Given data:
== Segment start ==

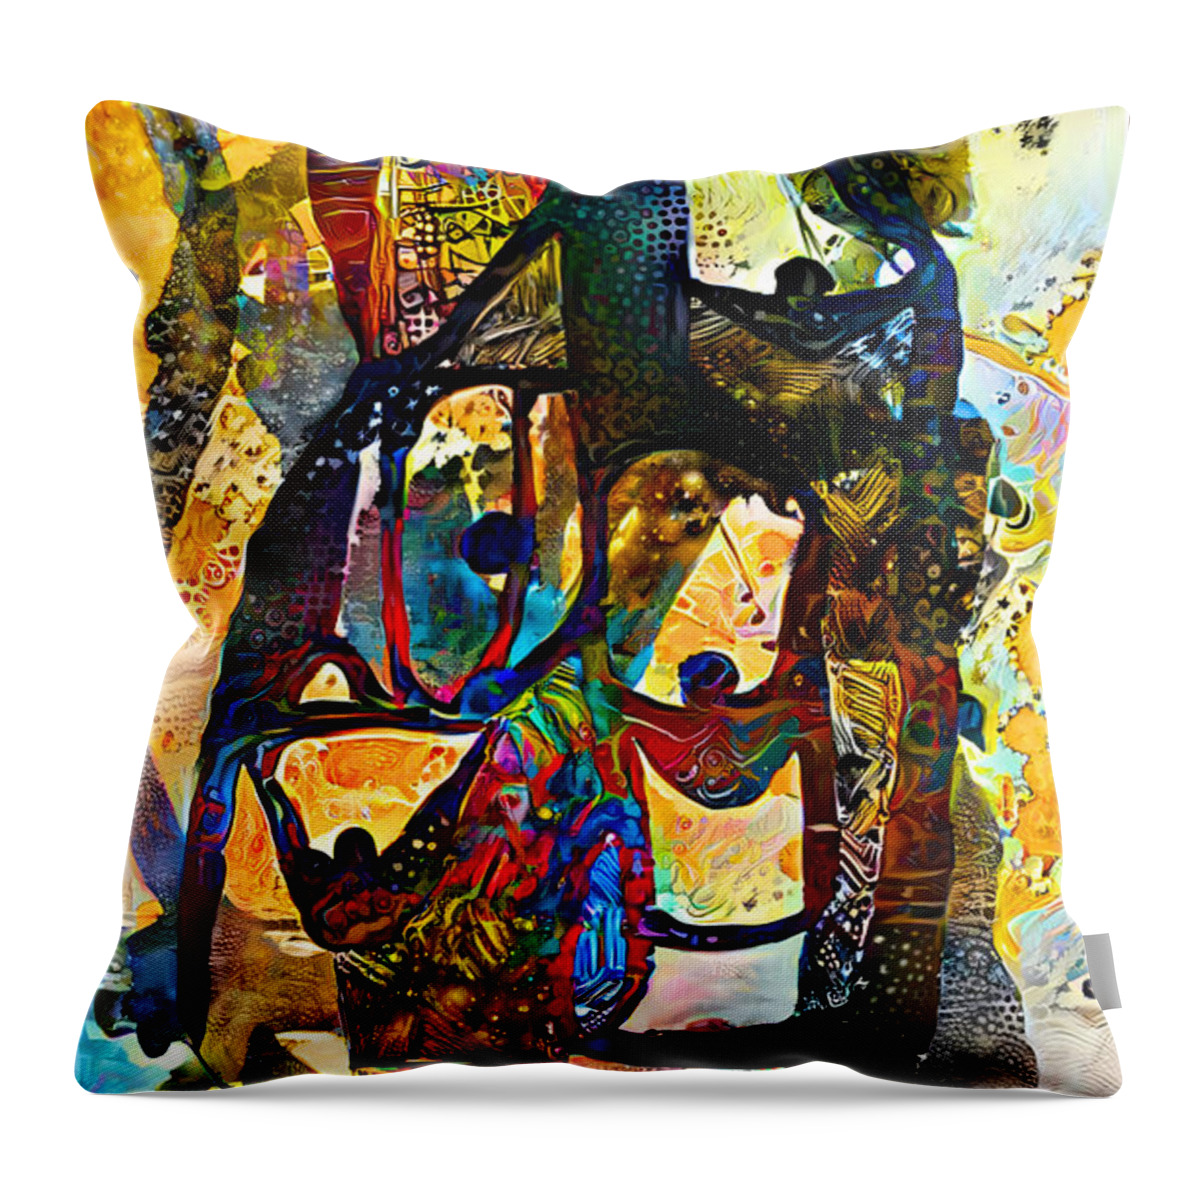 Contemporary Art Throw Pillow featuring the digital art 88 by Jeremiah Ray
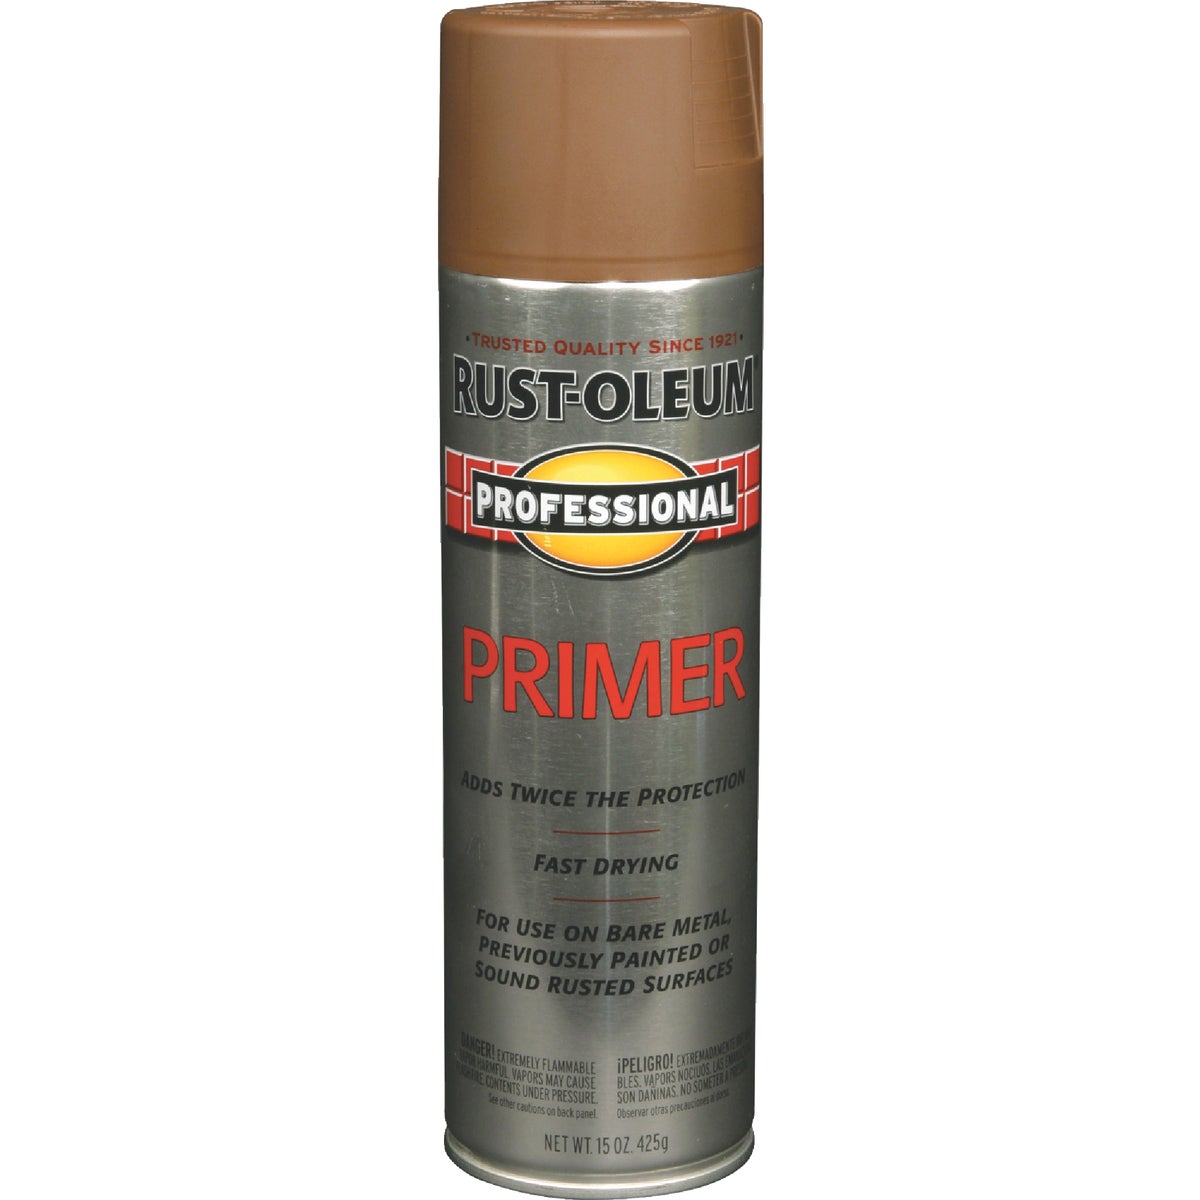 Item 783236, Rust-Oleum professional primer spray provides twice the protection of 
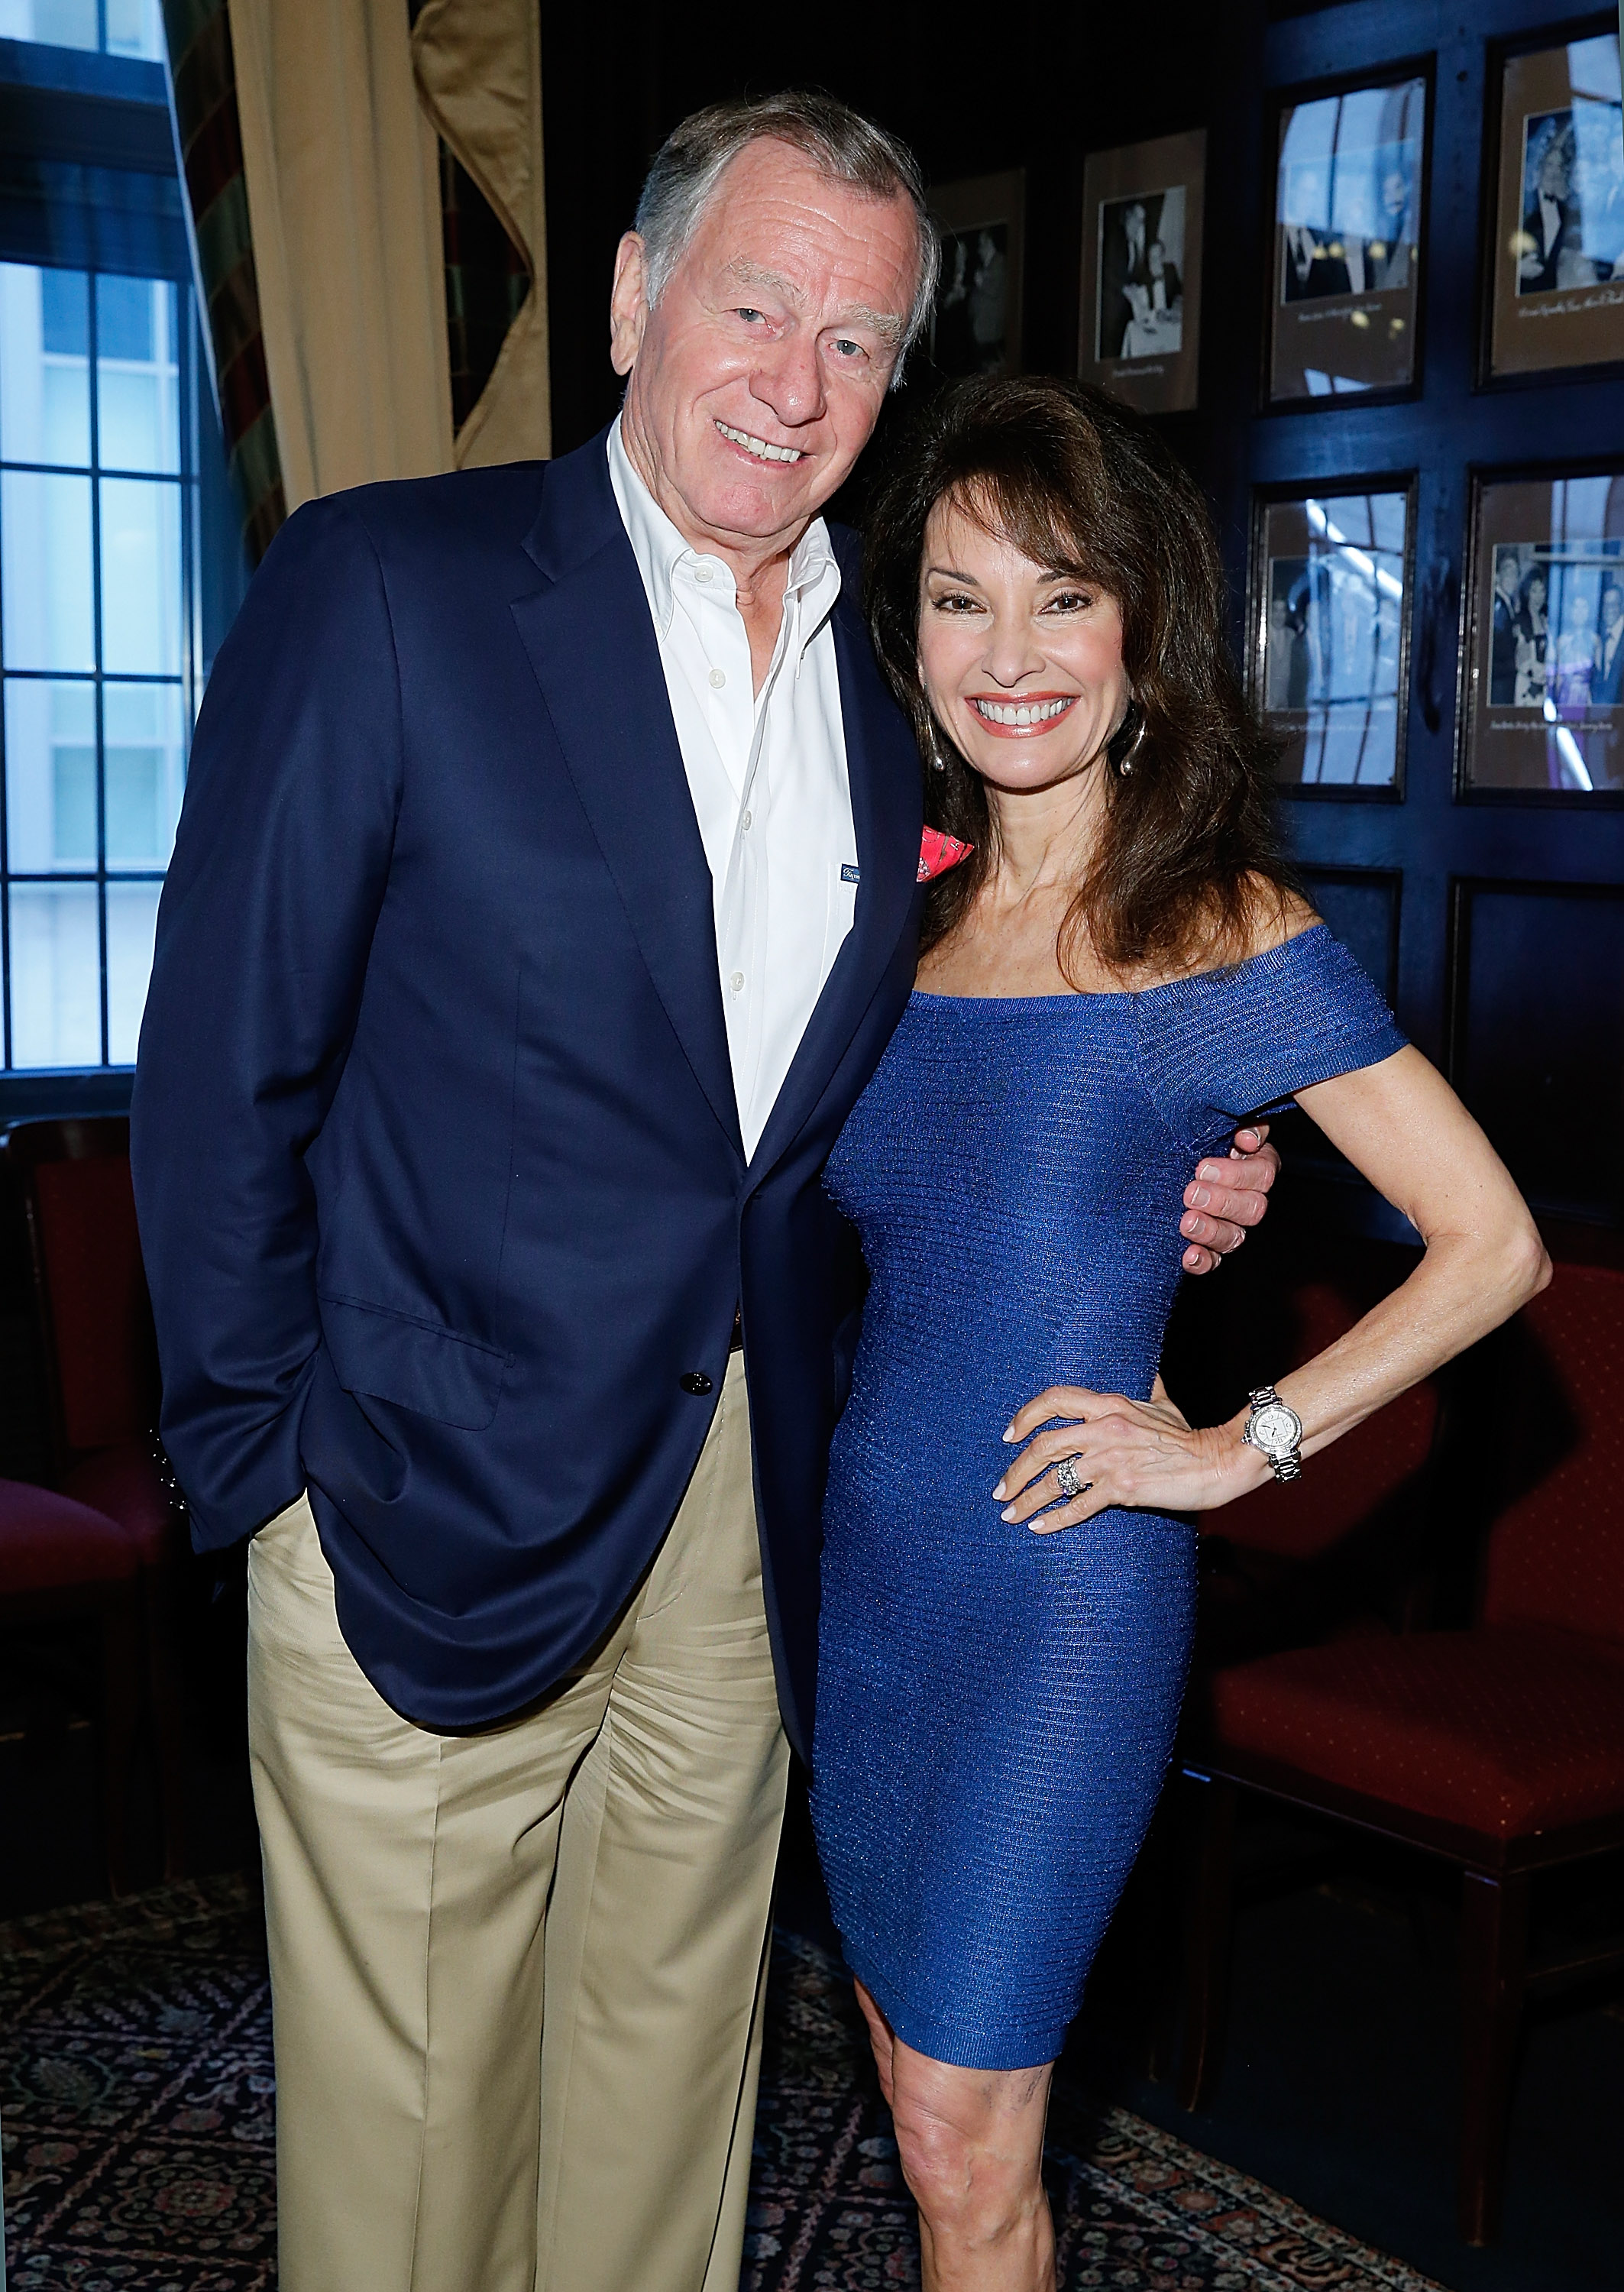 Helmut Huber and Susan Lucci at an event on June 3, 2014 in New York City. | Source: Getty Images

== Segment end ==

What the task asks:
Set down the material above exactly. Skip any picture.

Worked solution:
 Contemporary Art Throw Pillow featuring the digital art 88 by Jeremiah Ray
 Item 783236, Rust-Oleum professional primer spray provides twice the protection of 
 Helmut Huber and Susan Lucci at an event on June 3, 2014 in New York City. | Source: Getty Images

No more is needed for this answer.